Python Class Inheritance Explained

In Python, classes contain attributes and methods. An attribute is a variable that stores data. A class method is a function that belongs to the class that usually performs some logic on the class attribute(s). In this article, we will go over class inheritance, parent and child classes, the benefits of inheritance, and look at some examples of inheritance in Python.

Class Inheritance in Python

What Is Class Inheritance?

Inheritance allows you to define a new class that has access to the methods and attributes of another class that has already been defined. The class that has the methods and attributes that will be inherited by another class is called the parent class. Other names for the parent class that you may come across are base class and superclass. The class that has access to the attributes and methods of the parent class is called the child class. The child class is also called the subclass. In addition to defining a class that inherits from an existing class, you can define a child class that inherits from multiple parent classes.

How to Create Child Classes

A child class inherits the methods and attributes from the parent class. Other names for the child class are the subclass and derived class. The child class can be used to extend the functionality of the parent class by adding new methods and attributes. It can also be used for overriding or customizing the parent class.

The child class is defined by passing the parent class as an argument to the child class:

Class ChildClass(ParentClass):
def __init__(self):
	super().__iniit__(attribute)
def print_attribute(self):
     print(“attribute inherited from Parent Class:”, self.attribute)

How to Create Parent Classes

A parent class has the methods and attributes that are inherited by a new child class. Parent classes have methods and attributes that can either be overridden or customized by a child class. The way to define a parent class in Python is simply by defining a class with methods and attributes, just as you would usually define an ordinary class.

Below, we define a simple example of a parent class. The init method is present, just as we have for an ordinary class. In the init method we define a class attribute and store some value in the class attribute. We then define a class method called print_attribute that prints the attribute defined in the init method:

Class ParentClass:
def __init__(self, attribute):
	self.attribute = attribute
def print_attribute(self):
     print(Self.attribute)

Benefits of Inheritance

Inheritance is very powerful as it allows the developer to limit code duplication. By designing a hierarchy of classes, you can prevent duplicate lines of codes that perform the same task. This not only makes code easy to read, but it also significantly improves maintainability. For example, if you have many places in your code where you are calculating the error rate of model predictions, you can refactor that into a parent class method that is inherited by child classes.

When hierarchical class design (inheritance) is done well, it also makes testing and debugging easier. This is because well-defined tasks will be localized to a single place in the code base, so when a change needs to be made to how a task is completed, finding the necessary code that needs to be changed should be straightforward. Further, once a change is made to a method in the parent class, the change is propagated to all of the irrespective child classes.

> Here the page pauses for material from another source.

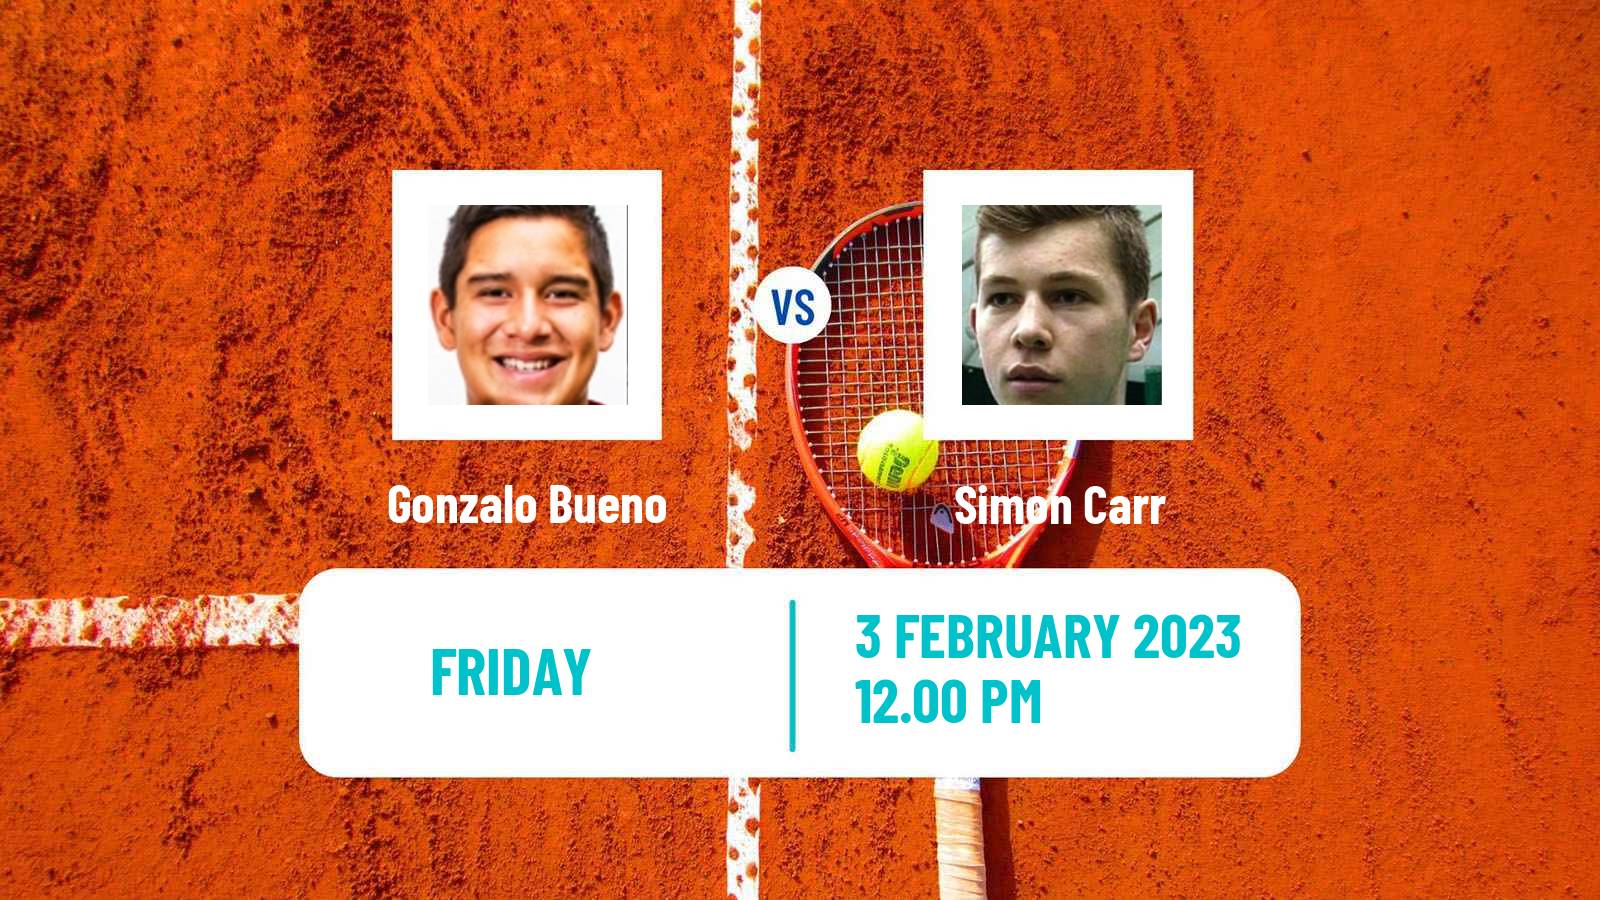 Tennis Davis Cup World Group I Gonzalo Bueno - Simon Carr

Example of Class Inheritance in Python

Many of the packages we use for machine learning, such as Scikit-learn and Keras, contain classes that inherit from a parent class. For example, classes such as linear regression, support vector machines, and random forests are all child classes that inherit from a parent class called BaseEstimator. The base estimator class contains methods such as predict and fit, which most data scientists should be familiar with.

A more interesting application is defining custom child classes that inherit from parent classes in Python by using several packages. For example, you can write a custom dataframe class as a child class that inherits from the DataFrame class in Pandas. Similarly, you can define a custom classification class that inherits from the parent class RandomForestClassifier.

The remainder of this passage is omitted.